1. The sequence $a_{0},a_{1},a_{2},\dots$ satisfies $$a_{m+n}+a_{m-n}=\frac{1}{2}\left(a_{2m}+a_{2n}\right)$$ for all nonnegative integers $m$ and $n$ with $m\ge n$. If $a_{1}=1$, determine $a_{2015}$. (Russia, 1995)
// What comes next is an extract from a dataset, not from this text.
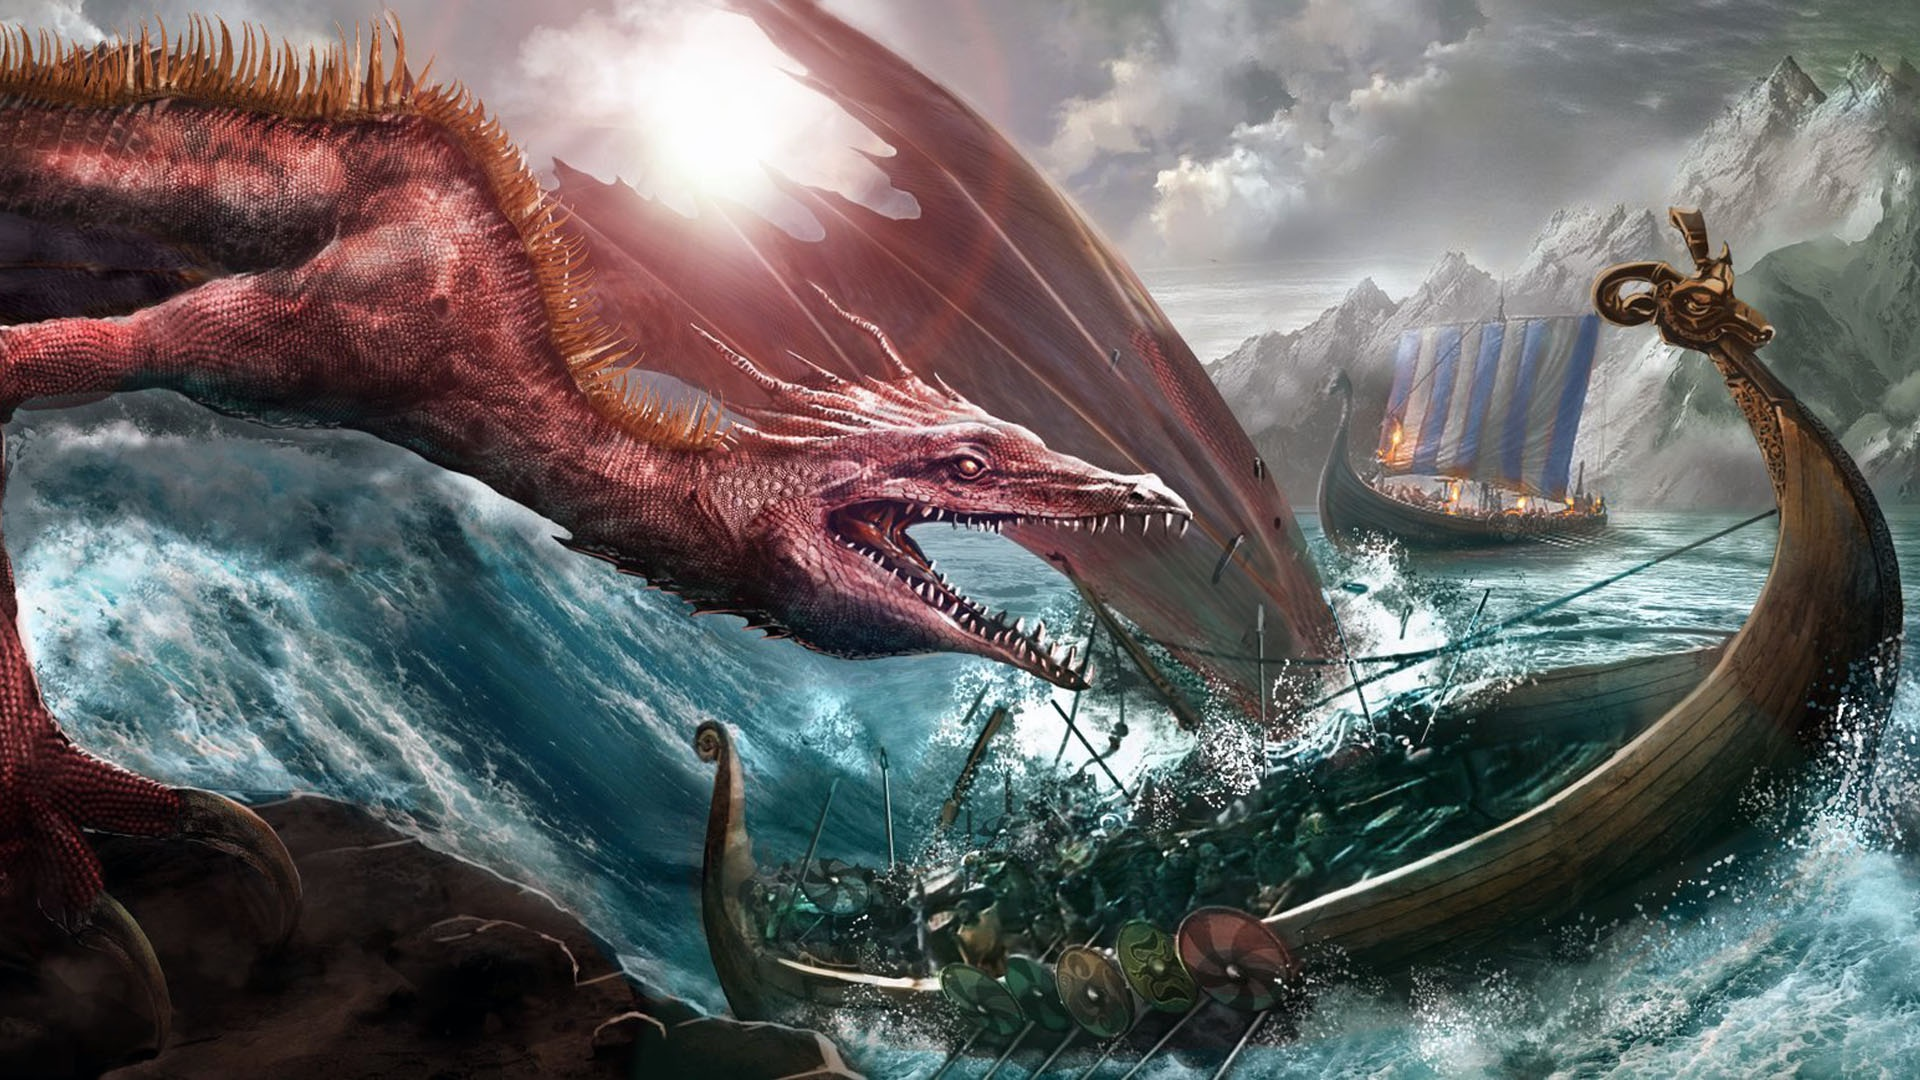 Boat Dragon Drakkar Viking 1920x1080

   (solved by Patricia Faith E. Capito [Philippine Science High School], Jarrett Ian G. Lim [Philippine Academy of Sakya], Ryan Jericho Sy [Chiang Kai Shek College]; partial credit for Maria Monica Manlises [St. Stephen's High School] and Madeline L. Tee [Chang Kai Shek College])
   
   
   SOLUTION: 
   We first note that if $m=n=0$, then we have $$a_{0}+a_{0}=\frac{1}{2}\left(a_{0}+a_{0}\right),$$ and solving for $a_{0}$, we get $a_{0}=0$.
   
   Since it is given that $a_{1}=1$, we can obtain $a_{2}$ as follows: $$\begin{align} a_{1+0}+a_{1-0} & = \frac{1}{2}\left(a_{2\left(1\right)}+a_{2\left(0\right)}\right)\\ 1+1 & = \frac{1}{2}a_{2}\\ a_{2} & = 4. \end{align}$$ In general, if we use any $m$ and $n=0$, we get $$\begin{align} a_{m+0}+a_{m-0} & = \frac{1}{2}\left(a_{2\left(m\right)}+a_{2\left(0\right)}\right)\\ 4a_{m} & = a_{2m}. \end{align}$$ And this is true for all $m$.
   
   However, we still don't have a pattern for when the goal term is odd. Checking for $m=2$ and $n=1$, we get $a_{3}=9$. The pattern that we are seeing is that $a_{m}=m^{2}$.
   
   We use strong induction on $a_{m}$.
   
   Note that if $m=0$, then $a_{0}=0^{2}=0$. Now, let our conjecture be true for all values $m=k-1$ and $m=k$. This means that we will assume, for the purposes of induction, that for those two values of $m$, we have $a_{m}=m^{2}$, and our goal is to show that this conjecture is also true for $m=k+1$. Now, note that if we have $n=1$, then $$a_{k+1}+a_{k-1}=\frac{1}{2}\left(a_{2k}+a_{2}\right),$$ from the result above, we know that $a_{2k}=4a_{k}$. So, $$a_{k+1}+a_{k-1}=2a_{k}+2,$$ but from our inductive hypothesis, we have $a_{k-1}=\left(k-1\right)^{2}$ and $a_{k}=k^{2}$, so we have $$\begin{align} a_{k+1}+\left(k-1\right)^{2} & = 2k^{2}+2\\ a_{k+1} & = k^{2}+2k+1\\ & = \left(k+1\right)^{2}. \end{align}$$ Thus, our conjecture holds. This means that $a_{m}=m^{2}$. So $a_{2015}=2015^{2}$.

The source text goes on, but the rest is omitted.